Где горе, там и юмор, без которого трудно перенести страдание. Юмор присутствует и в пьесе Марка Розовского по роману Исаака Башевиса Зингера "Фокусник из Люблина" и в воспоминаниях Гедды Суриц о Гроссмане, и в "Невыдуманных историях" Бенедикта Сарнова, и в очерке Надежды Григорьевой об Александре Галиче.
Альманах многоголосен, разнообразен и при этом на редкость монолитен. Он существует как единый организм. В нём отсутствует случайное, лишнее, режущее слух и глаз. В этом большая заслуга главного редактора Рады Полищук и её немногочисленных помощников. Книга великолепно оформлена художником Алексеем Григорьевым. Почти каждое произведение, опубликованное в альманахе, достойно отдельного разговора, который невозможен в рамках небольшой рецензии. И всё же не могу не сказать о разделе "Поэзия", составителем которого является Михаил Синельников, выступающий также в качестве переводчика некоторых стихотворений. Раздел состоит из двух частей: "Поэзия Библии в переводах русских поэтов", начиная с Симеона Полоцкого и кончая Иваном Буниным, и "Еврейская поэзия в русских переводах" с Талмуда до наших дней. Этот стостраничный раздел является книгой в книге, которая тем не менее не просто существует сама по себе, но активно участвует в общем разговоре.
Если вам в руки попадёт этот альманах и, прочтя его, вы испытаете всю гамму чувств, самым сильным из которых всё-таки будет боль, найдите страницу 136 и перечтите пушкинское Подражание "Песне Песней". Вам полегчает. Ей-богу.

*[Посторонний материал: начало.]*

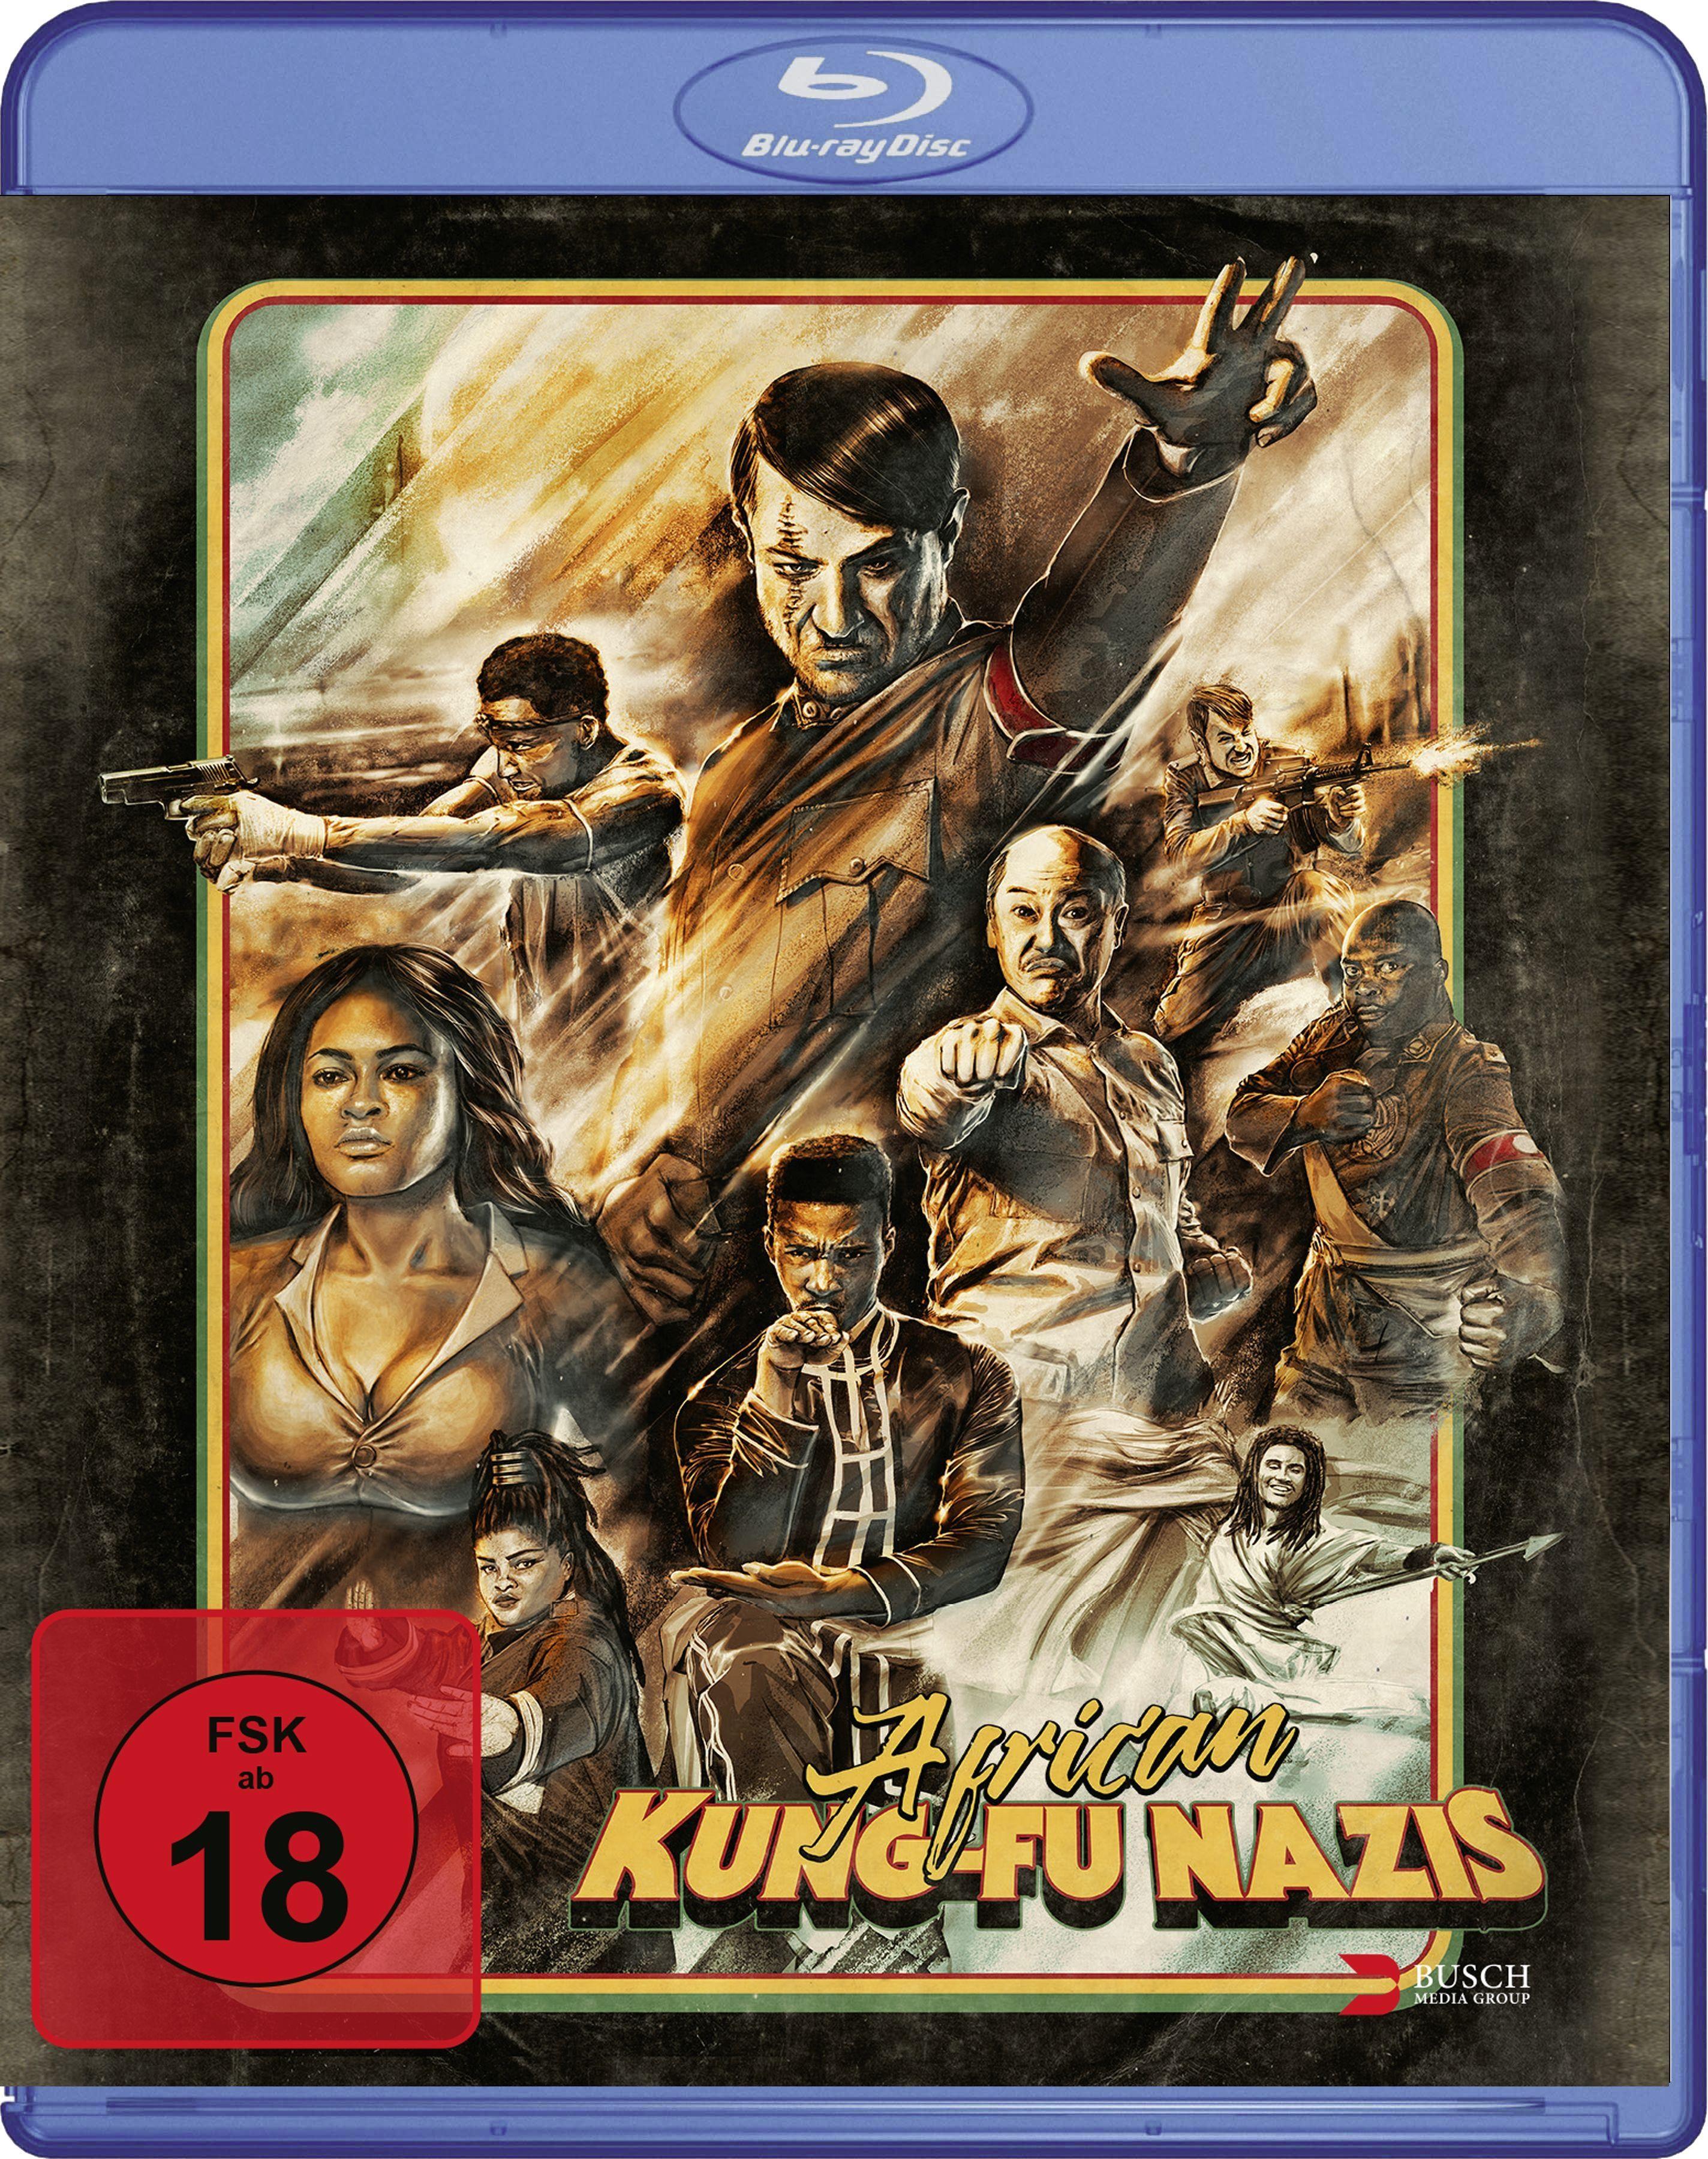 African Kung-Fu Nazis (BLURAY)

В крови горит огонь желанья,
Душа тобой уязвлена,
Лобзай меня: твои лобзанья
Мне слаще мирра и вина.
Склонись ко мне главою нежной,
И да почию безмятежный,
Пока дохнёт весёлый день
И двигнется ночная тень.
1998
7. Это весёлое имя - Драгунский
Алла Драгунская. О Викторе Драгунском. Жизнь, творчество, воспоминания
друзей. - ТОО "Химия и жизнь". М. 1999
И почему мы с таким суеверным страхом ждём конца века? Он давно завершился. Мы давно существуем в другой эпохе. Это особенно остро чувствуешь, читая о 50-ых, 60-ых годах. Не входя в детали, приведу лишь одно доказательство. Попробуйте сегодня без риска для жизни и репутации сказать, что ваш девиз - "Дружба! Верность! Честь!" или что вы написали повесть "о боли и тревоге за мир... о любви, о красоте и гибели и о многом другом..." Даже читать всё это как-то неловко, а уж писать... "Приезжайте к нам! - кричит человек провожающим его друзьям, стоя на подножке поезда, уходящего из Ленинграда в Москву. - У нас пьют, читают стихи и разговаривают". Вряд ли кто-нибудь решит, что дело происходит сегодня. И не только потому что упомянут не существующий ныне Ленинград, но и потому, что перечислены занятия, из коих лишь одно никогда в нашем отечестве не устаревает, - "пьют". Всё остальное принадлежит прошлому. Нет, сегодня тоже, конечно, разговаривают. Но человек, стоящий на подножке поезда, имел в виду нечто большее, чем застольный трёп или, выражаясь более современно, стёб. "Кто ещё умел так ценить золото человеческого общения, как Драгунский?!" - восклицает Юрий Нагибин, в своих воспоминаниях.